Better than Harry Potter: Group blog Crooked Timber is hosting a “seminar” about Susanna Clarke’s novel Jonathan Strange & Mr. Norrell. Many of the site’s regular bloggers (a mix of academics and professionals) have posted lengthy critiques, commenters have weighed in, and Clarke has responded. The book, which came out last year, is about two rival magicians in an alternate version of 19th century England. (Read the PDF version of the seminar.)

Maria Farrell, who works for ICANN, writes, “One way of reading the novel is that magic is the return of actual history, with its struggles, complexities and brutalities to the artificial ‘histories’ of our collective imagination.

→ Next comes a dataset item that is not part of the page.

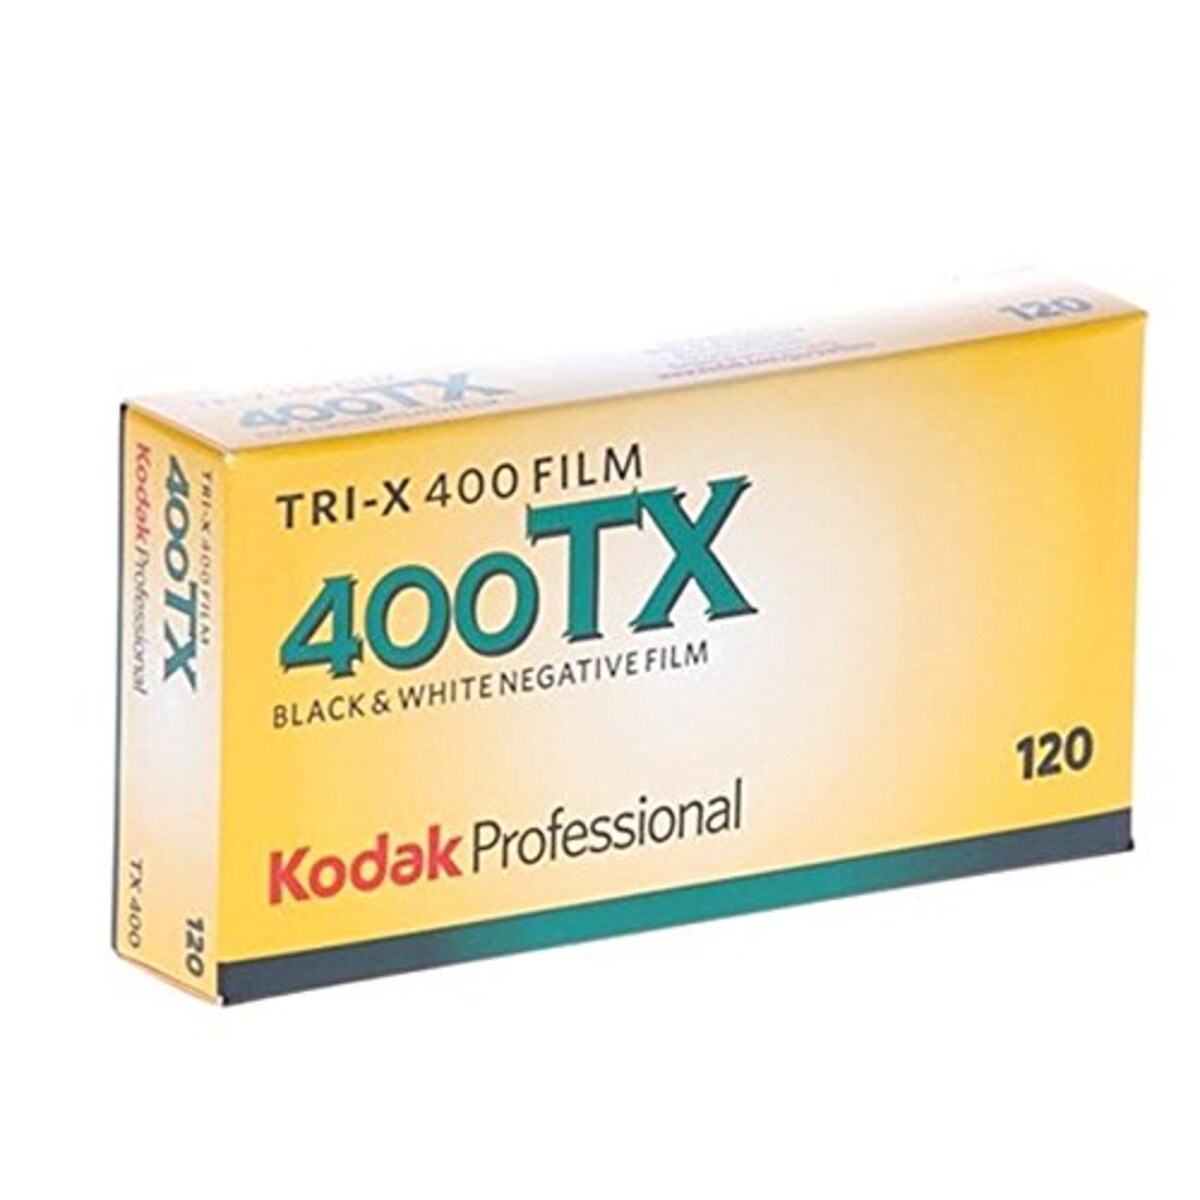 プロフェッショナル用 白黒フィルム トライ-X 400 120 5本パック 8568214

It’s a sort of irruption of reality into the constructed universe of politesse that we imagine Regency England to have been.” Novelist Belle Waring says, “[W]here are the female magicians? … I feel a small twinge of disappointment when I read an amazing book like this, written by a female author, in which (male) heroes come to know themselves, restore order, and recapture their lost women from the villain’s bondage.”

And Clarke prefaces her extensive response by saying, “The author couldn’t come. The author has left the building. She left when the book was finished. I’m just the person who remains now she is gone. I may be able to help you because I seem to have a pile of her memories over here—also lots of her notes and stuff.”